促进和简化微生物适应性实验室进化的高级策略和工具。

Advanced strategies and tools to facilitate and streamline microbial adaptive laboratory evolution.

机构信息

MOE Key Laboratory for Industrial Biocatalysis, Institute of Biochemical Engineering, Department of Chemical Engineering, Tsinghua University, Beijing 100084, China.

MOE Key Laboratory for Industrial Biocatalysis, Institute of Biochemical Engineering, Department of Chemical Engineering, Tsinghua University, Beijing 100084, China; Center for Synthetic and Systems Biology, Tsinghua University, Beijing, 100084, China.

出版信息

Trends Biotechnol. 2022 Jan;40(1):38-59. doi: 10.1016/j.tibtech.2021.04.002. Epub 2021 May 3.

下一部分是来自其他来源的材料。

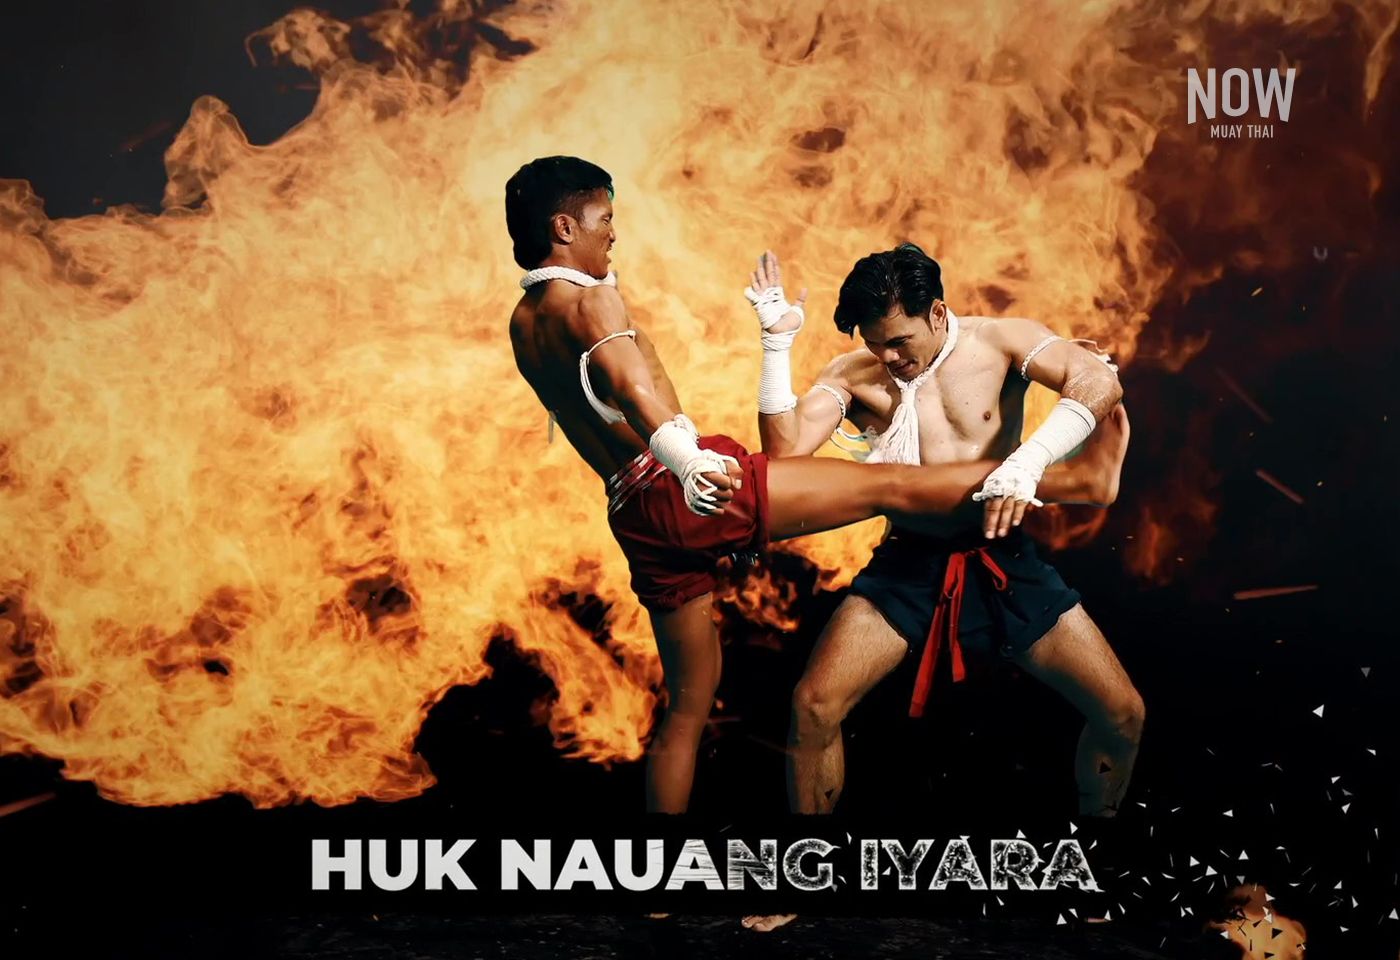 10 Muay Thai techniques: Huk Nguang Iyara

DOI:10.1016/j.tibtech.2021.04.002

PMID:33958227

Abstract

Adaptive laboratory evolution (ALE) has served as a historic microbial engineering method that mimics natural selection to obtain desired microbes. The past decade has witnessed improvements in all aspects of ALE workflow, in terms of growth coupling, genotypic diversification, phenotypic selection, and genotype-phenotype mapping. The developing growth-coupling strategies facilitate ALE to a wider range of appealing traits. In vivo mutagenesis methods and multiplexed automated culture platforms open new gates to streamline its execution. Meanwhile, the application of multi-omics analyses and multiplexed genetic engineering promote efficient knowledge mining. This article provides a comprehensive and updated review of these advances, highlights newest significant applications, and discusses future improvements, aiming to provide a practical guide for implementation of novel, effective, and efficient ALE experiments.

摘要

适应性实验室进化 (ALE) 是一种历史悠久的微生物工程方法，它模拟自然选择来获得所需的微生物。过去十年中，ALE 工作流程的各个方面都得到了改进，包括生长偶联、基因型多样化、表型选择和基因型-表型映射。不断发展的生长偶联策略使 ALE 能够应用于更广泛的吸引人的特性。体内诱变方法和多路复用自动化培养平台为简化其执行开辟了新的途径。同时，多组学分析和多路复用遗传工程的应用促进了有效的知识挖掘。本文全面而详尽地综述了这些进展，重点介绍了最新的重要应用，并讨论了未来的改进，旨在为新型、有效和高效的 ALE 实验的实施提供实用指南。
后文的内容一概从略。